Yen slides in absence of intervention warnings

The yen was once again the big loser, staying victim to yield differentials. Yes, US Treasury yields pulled back yesterday, but their strong prevailing uptrends combined with the BoJ’s caps on Japanese government bond yields suggest that the gap may further widen if this week’s US data add more credence to the view that the Fed funds target rate is likely to stay high for longer than previously estimated.

Dollar/yen continues to trade above 146.00, and around 12% up since the beginning of the year. Due to the absence of intervention warnings by Japanese authorities, traders do not appear concerned about current levels, which means they may be willing to continue driving the pair higher. However, as the uptrend continues, intervention at higher levels, perhaps at around the 150.00 mark, could become a more likely scenario.

Equities gain as Powell says they "will proceed carefully"

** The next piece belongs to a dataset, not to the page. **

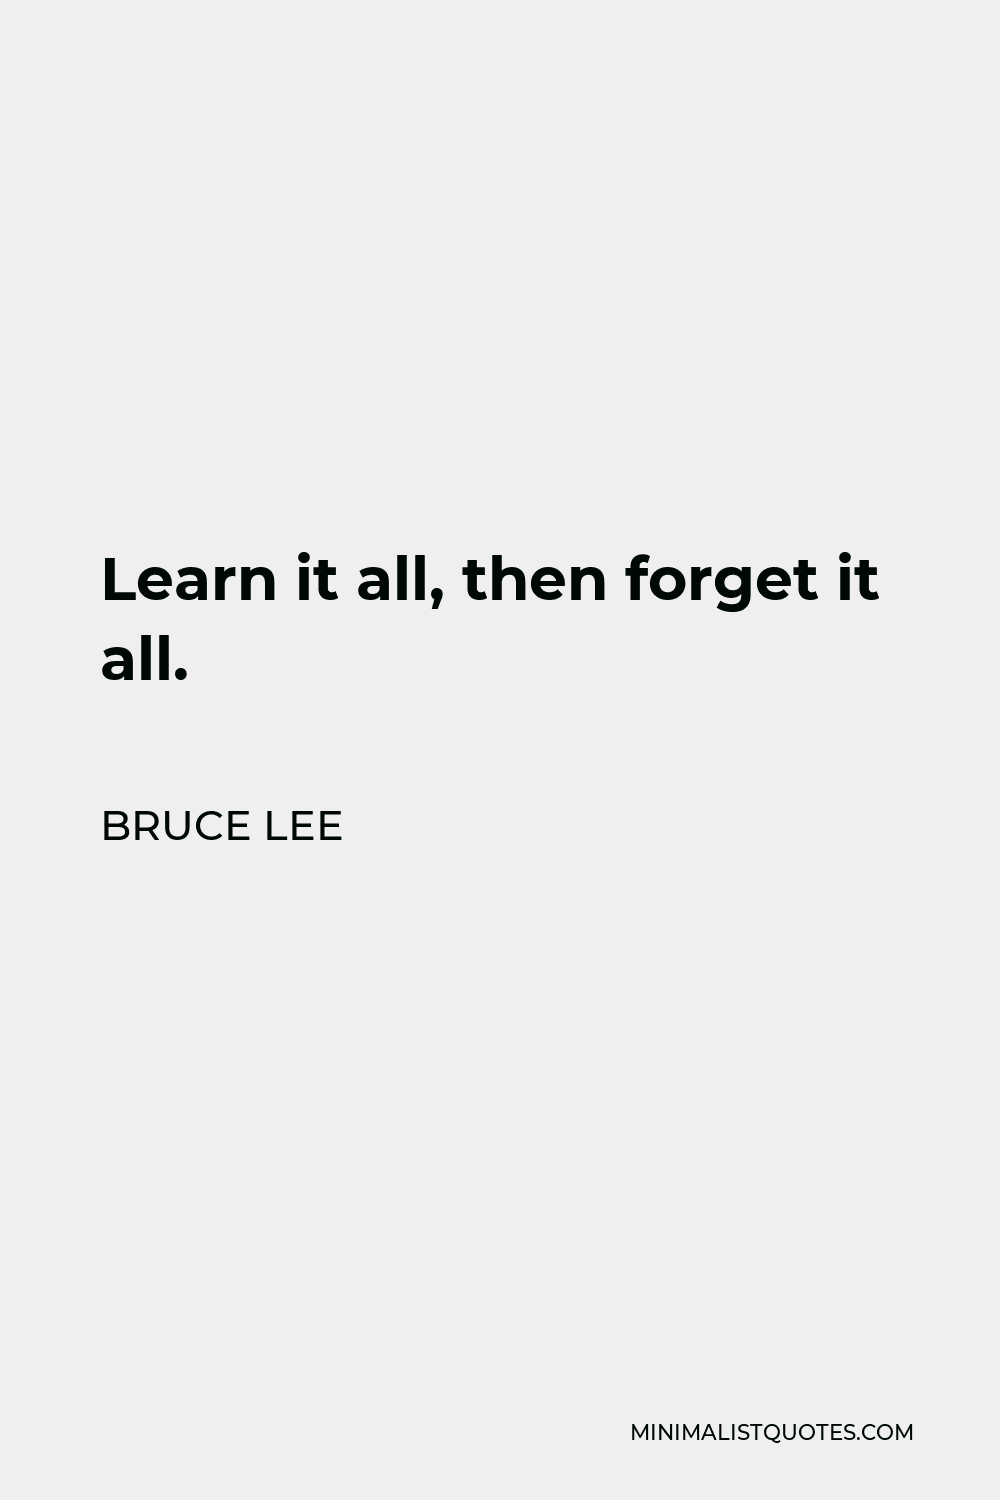 Bruce Lee Quote - Learn it all, then forget it all.
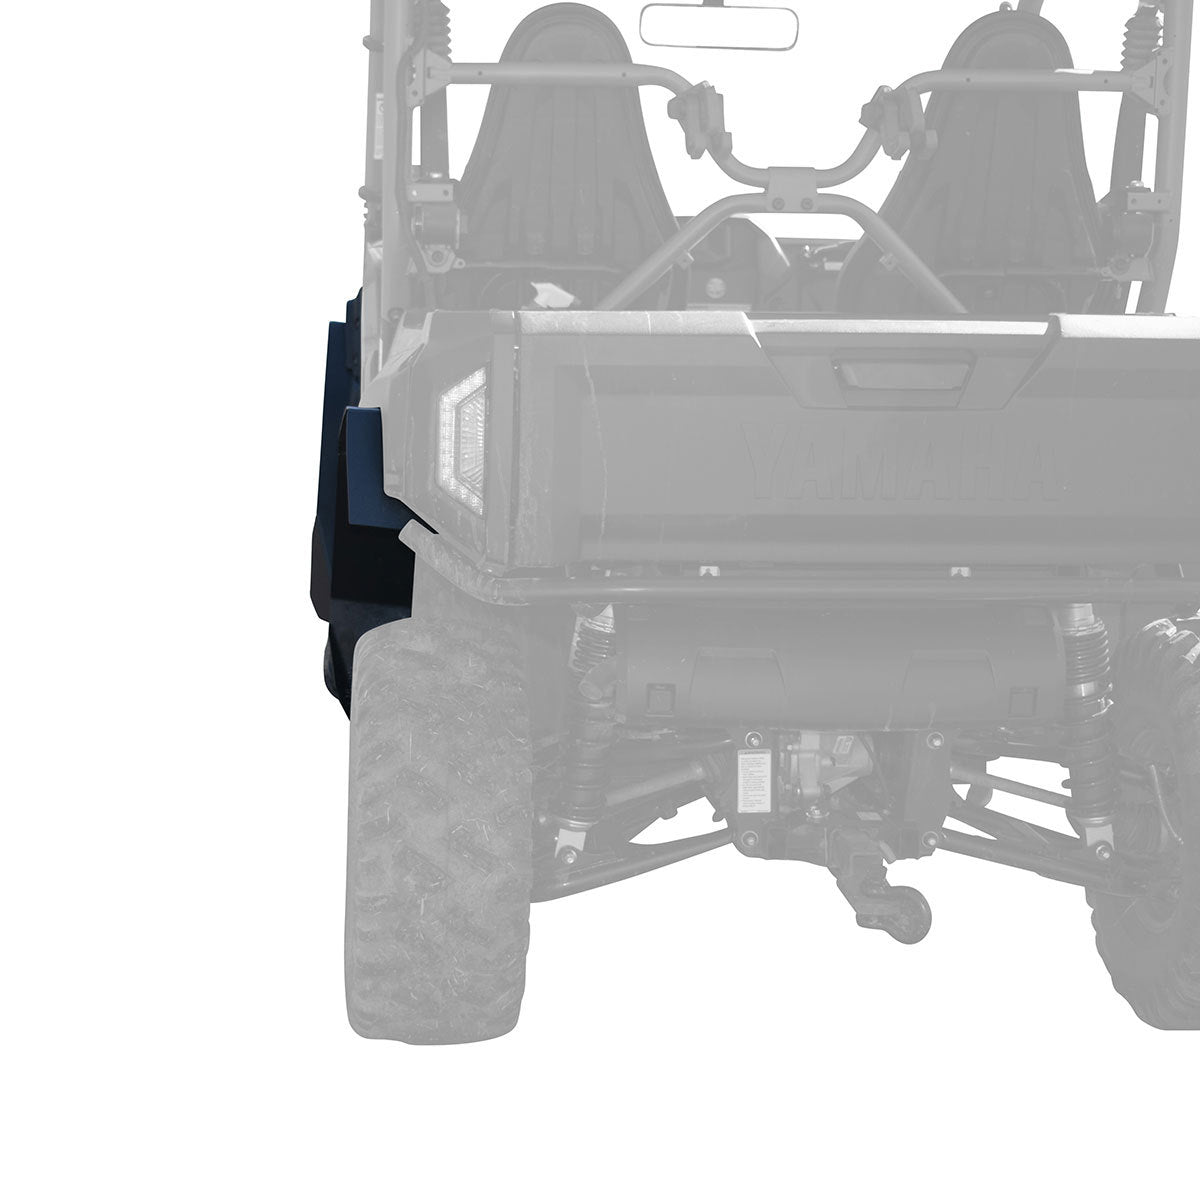 2019-2022 Yamaha Wolverine X2 R-Spec and R-Spec XT-R Max Coverage Fender Flares

Despite Fed Chair Powell leaving the door open to more hikes, it seems that Wall Street traders cheered the fact that he did not commit to any action and his remarks that the Fed will proceed carefully as they decide whether to tighten further. The fact that, despite raising the implied path, the market is still expecting interest rates to finish 2024 around 90bps below current levels may be also helping equities.

The high-growth tech firms that have been the main drivers of the latest rally on Wall Street are usually valued by discounting free cash flows for the quarters and years ahead. Thus, the fact that participants are still expecting a decent amount of rate cuts next year keeps the net present values (NPV) of those firms elevated.

Strong US data this week could weigh on equities, but as long as numerous rate cuts for 2024 remain firmly on the table, any continuation of the slide that started on July 27 could still be seen as a deeper correction within a broader uptrend.